At the moment, both receiver libraries working with ARDUINO MKR 1010 Wifi, the ISR callback functions and the micros2() function but for some mysterious reasons, the attachInterrupt - ISR functions stop working after about 30-40 mins. All other functions like webserver combined with transmitting signals etc. is still running. Just the receiving part with the micros2() and the attachInterrupt() function is not working anymore. I am using the CHANGE mode for the attachInterrupt() and I have directly connected the receiver output wire directly to two input pins of the microcontroller.
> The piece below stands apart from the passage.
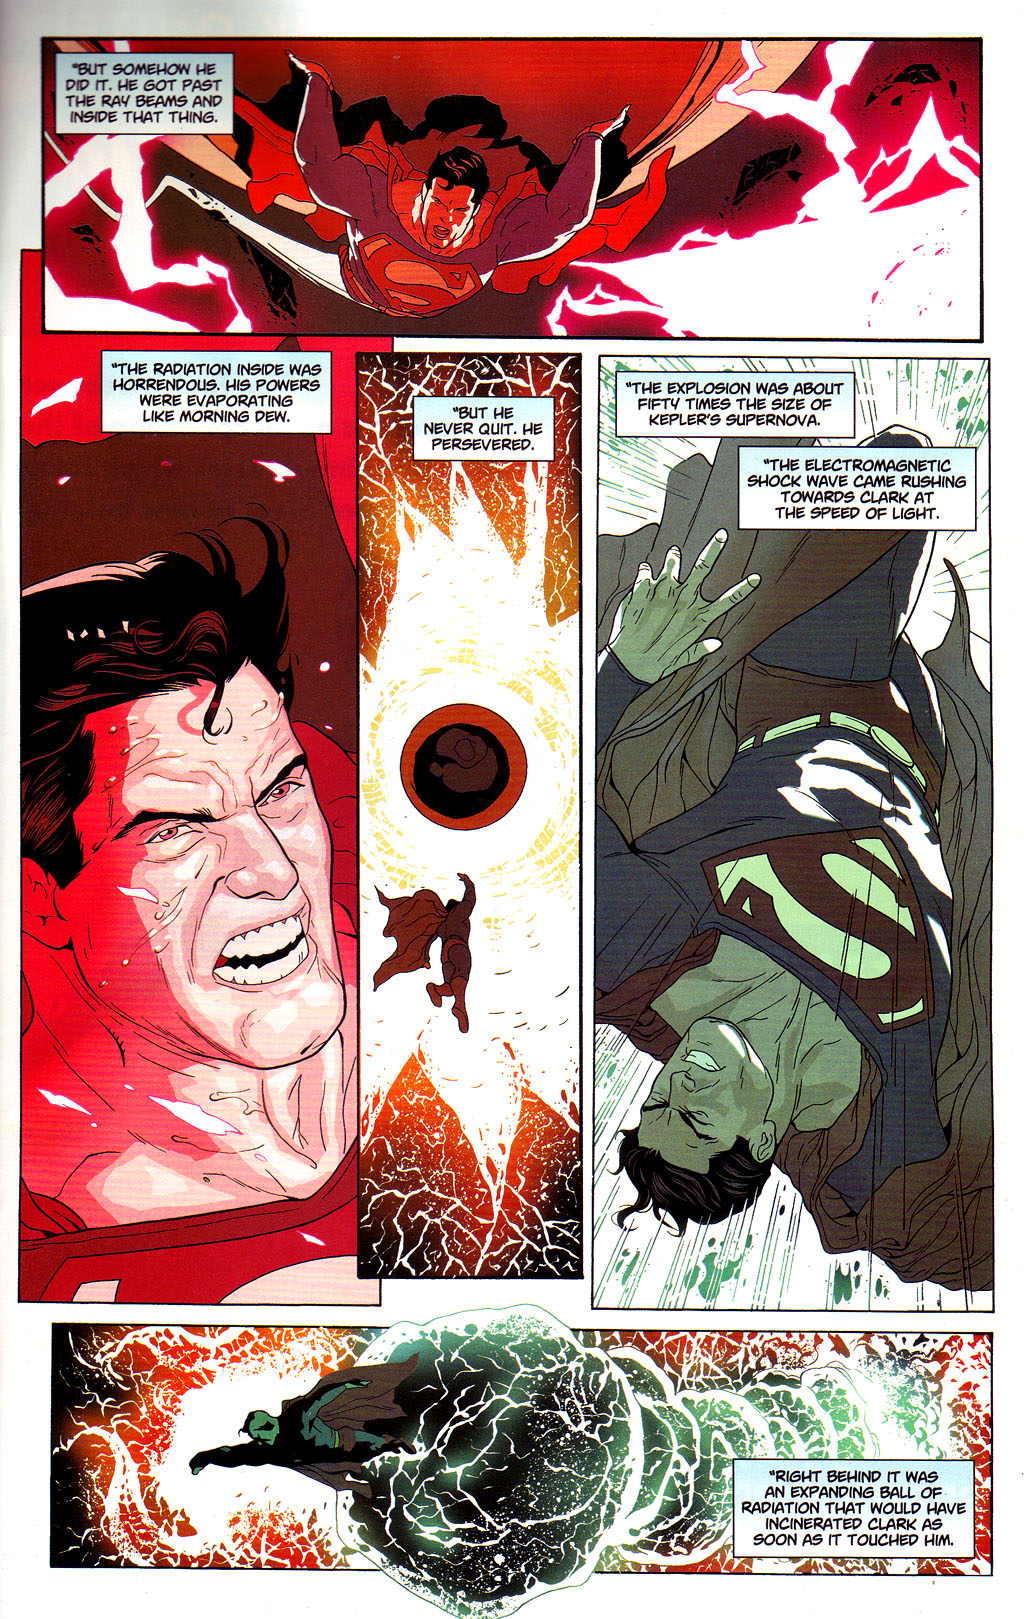 Planet Vegeta vs New Krypton - Battles - Comic Vine

One pin is for one receiver library and the other pin for the other library. So I am using two ISR callback functions at the same time with the same micros2() function. Do I need to reset the interrupt flag or something else? At the ARDUINO YUN it worked over years without any problem. Do you know what the reason could be?

Thank you very much!
With best regards
Alex

MartinL

#151
Jan 17, 2019, 10:53 pm Last Edit: Jan 18, 2019, 09:52 pm by MartinL
Hi Alex,

It shouldn't be necessary to write to the interrupt flags to clear them, as this is done automatically by the Arduino code, (in the EIC_Handler() interrupt service routine).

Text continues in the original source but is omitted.